The Horse Whisperer
- First edition cover
- Author: Nicholas Evans
- Language: English
- Publisher: Delacorte Press
- Publication date: 1995
- Media type: Print (hardback and paperback) and audio CD
- Pages: 678 pp (first edition, hardcover)
- ISBN: 978-0-385-31523-4 (first edition, hardcover)

= The Horse Whisperer (novel) =

1995 novel by Nicholas Evans

The Horse Whisperer is a 1995 novel by English author Nicholas Evans. The book was his debut novel, and gained significant success, becoming the 10th-best selling novel in the United States in 1995, selling over 15 million copies. This also makes it one of the best-selling books of all time. In 2003 the novel appeared at number 195 on the BBC's The Big Read poll of the UK's "best-loved novels".

The book was made into a film, also titled The Horse Whisperer, directed by and starring Robert Redford.

==Summary==
The novel starts in upstate New York where a teenage girl, Grace Maclean, and her friend, Judith, go riding on their horses, Pilgrim and Gulliver, on a snowy morning. As they ride up an icy slope, Gulliver slips and hits Pilgrim. Both horses fall, dragging the girls into a road and into a collision with a tractor-trailer. Judith and Gulliver are killed, while Grace and Pilgrim are severely injured. Grace, left with a partially amputated right leg, is bitter and withdrawn. Grace's mother, Annie, is a workaholic magazine editor, and her father, Robert, is a lawyer. The different approaches taken by each of Grace's parents in dealing with the accident strain relationships within the family.

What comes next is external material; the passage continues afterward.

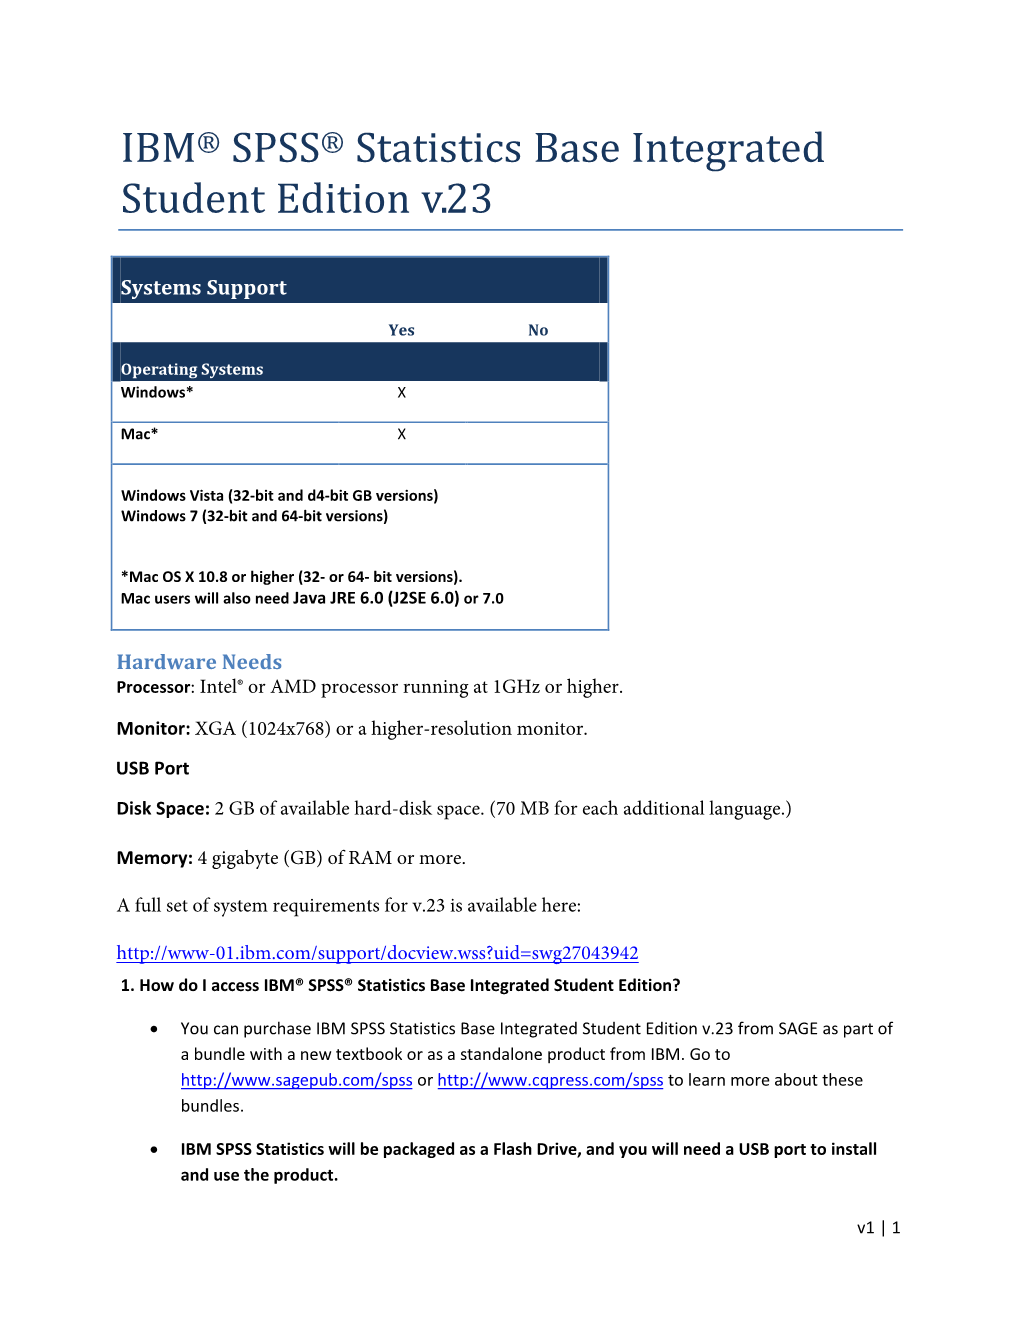 IBM® SPSS® Statistics Base Integrated Student Edition V.23

Following the accident, Pilgrim is traumatised and uncontrollable, leading his caretakers to mistreat him and to suggest that he be put down. Annie refuses to allow her horse to be put down and hears of a 'horse whisperer', Tom Booker. She undertakes a long cross country journey with Pilgrim and Grace to Montana.

On the Montana ranch, Tom works with Pilgrim and starts to make progress. Both Grace and Annie become happier because the ranch life suits them. During the stay, Annie and Tom become close and eventually begin an affair.

Despite the progress that Tom has made with Pilgrim, Grace is still unable to ride the horse. Tom attempts a drastic intervention by forcing the horse to lie down and having Grace stand on him. This technique works and horse and rider are reunited.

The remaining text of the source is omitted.